Thread: RE: [HACKERS] Postgres' lexer

RE: [HACKERS] Postgres' lexer

From
"Ansley, Michael"
Date:
Leon wrote:
>> Ok. Especially if there are more unary operators (I always wondered
>> what unary % in gram.y stands for :)  it is reasonable not to make
>> a special case of uminus and slightly change the old behavior. That
>> is even more convincing that constructs like 3+-2 and 3+-b were 
>> parsed in different way, and, what is worse, a>-2 and a>-b also
>> parsed differently. So let us ask the (hopefully) last question:
>> Thomas (Lockhart), do you agree on always parsing constructs like
>> '+-' or '>-' as is, and not as '+' '-' or '>' '-'  ?
This construct doesn't always make sense.  It should only be recognised as a
'>-' if that operator exists, otherwise it should be either generate an
error (which is reasonable because of the ambiguity that it creates (not for
this operator, but for the general case)), or try to complete (if that's
possible).  I have a bit of a problem with reading this: a > -2 correctly,
while not reading this: a>-2 correctly, because that implies that you are
using the space as a precedence operator.  This should be done by braces.
This: a > (-2) is totally unambiguous, spaces or no spaces.

Perhaps there is a general case for where unary operators are allowed to
appear, and we can use this, e.g.: they can only appear at the beginning of
an expression, or immediately after another operator (ignoring spaces).
This means that >- will be scanned as an operator if it exists, or a >
followed by a unary minus if >- doesn't exist as an operator.  And this
removes some ambiguity, because now we have a defined rule: if the - doesn't
appear at the beginning of an expression, or immediately (ignoring spaces)
after another operator, then it must be a binary minus.



MikeA


Re: [HACKERS] Postgres' lexer

From
Tom Lane
Date:
"Ansley, Michael" <Michael.Ansley@intec.co.za> writes:
> I have a bit of a problem with reading this: a > -2 correctly,
> while not reading this: a>-2 correctly, because that implies that you are
> using the space as a precedence operator.  This should be done by braces.

Not at all: this is a strictly lexical issue (where do we divide the
input into tokens) and whitespace has been considered a reasonable
lexical separator for years.  Furthermore, SQL already depends on
whitespace to separate tokens that are made of letters and digits.
You can't spell "SELECT" as "SEL ECT", nor "SELECT f1" as "SELECTf1",
nor does "SELECT 1 2;" mean "SELECT 12;".  So it seems perfectly
reasonable to me to use whitespace to separate operator names when
there would otherwise be ambiguity about what's meant.
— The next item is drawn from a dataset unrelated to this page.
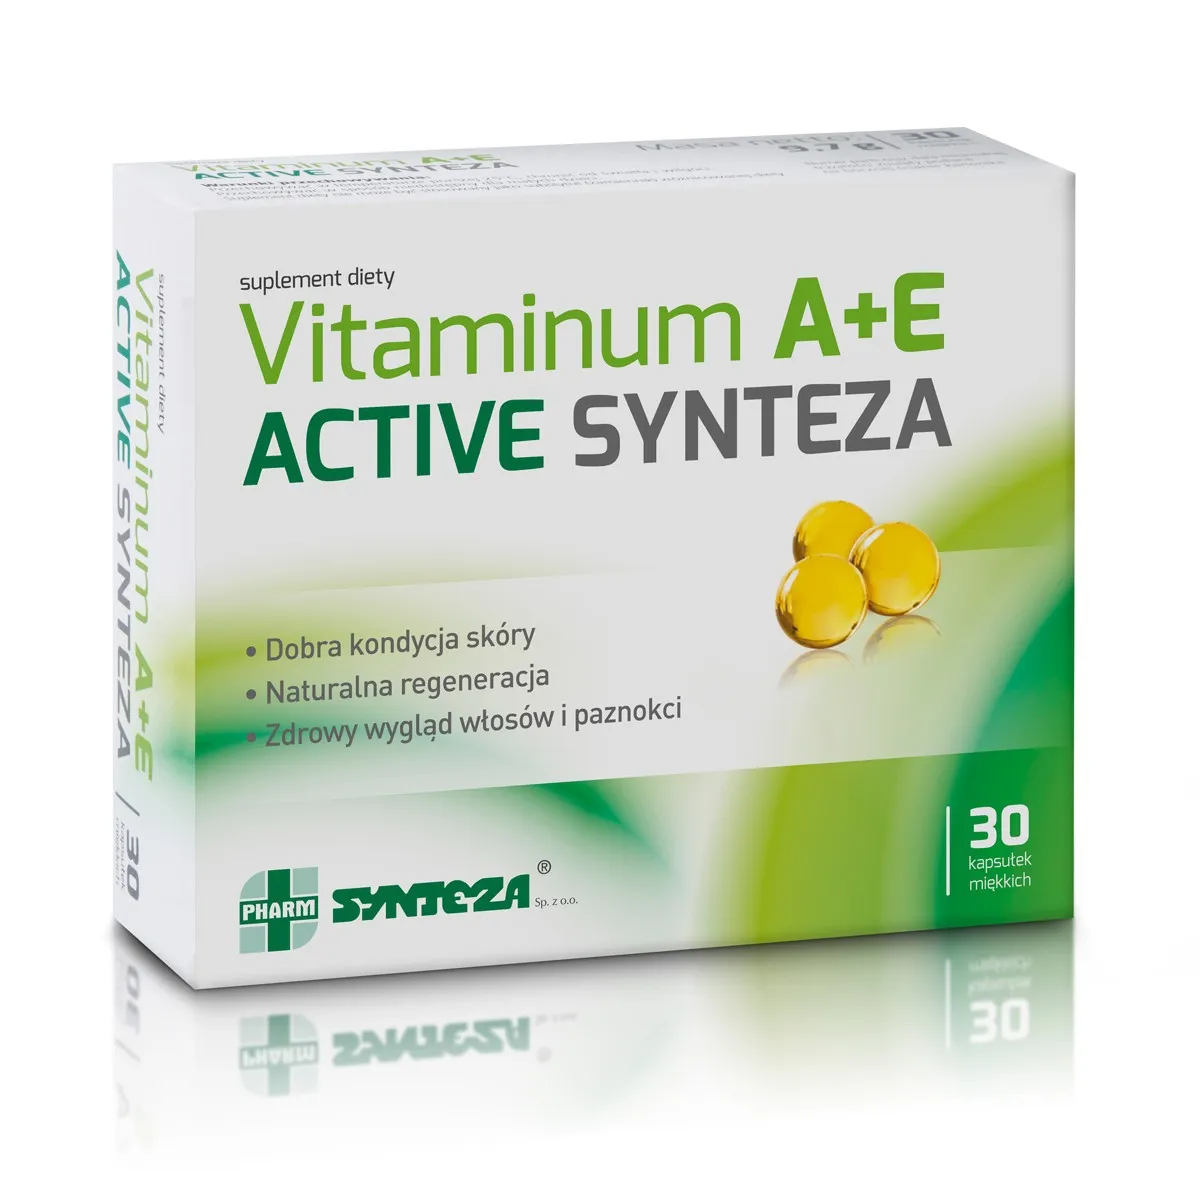 Vitaminum A+E Active Synteza, suplement diety, 30 kapsułek

> This: a > (-2) is totally unambiguous, spaces or no spaces.

True, and there's nothing to stop you from writing that style if you
prefer it.

> Perhaps there is a general case for where unary operators are allowed to
> appear, and we can use this, e.g.: they can only appear at the beginning of
> an expression, or immediately after another operator (ignoring spaces).

Don't forget about right-unary operators...

> This means that >- will be scanned as an operator if it exists, or a >
> followed by a unary minus if >- doesn't exist as an operator.

I think it would be a really bad idea for the lexical analysis to depend
on whether or not particular operator names are defined, for the same
reasons that lexical analysis of word tokens doesn't depend on whether
there are keywords/table names/field names that match those tokens.
You get into circularity problems very quickly if you do that.
Language designers learned not to do that in the sixties...
        regards, tom lane


Re: [HACKERS] Postgres' lexer

From
Leon
Date:
Tom Lane wrote:
> 
> I think it would be a really bad idea for the lexical analysis to depend
> on whether or not particular operator names are defined, for the same
> reasons that lexical analysis of word tokens doesn't depend on whether
> there are keywords/table names/field names that match those tokens.

101% correct :)

> You get into circularity problems very quickly if you do that.
> Language designers learned not to do that in the sixties...
> 

All that should be carved in stone and then erected as a monument :)
It is a good idea to explicitly state where and how to divide 
functions amongst components - though it places some (minor) 
restrictions, it introduces an conceivable order, which one can
abide by. E.g. no semantics is allowed in lexer. Even unary minus
in numbers is semantics and isn't proper for lexer. 

-- 
Leon.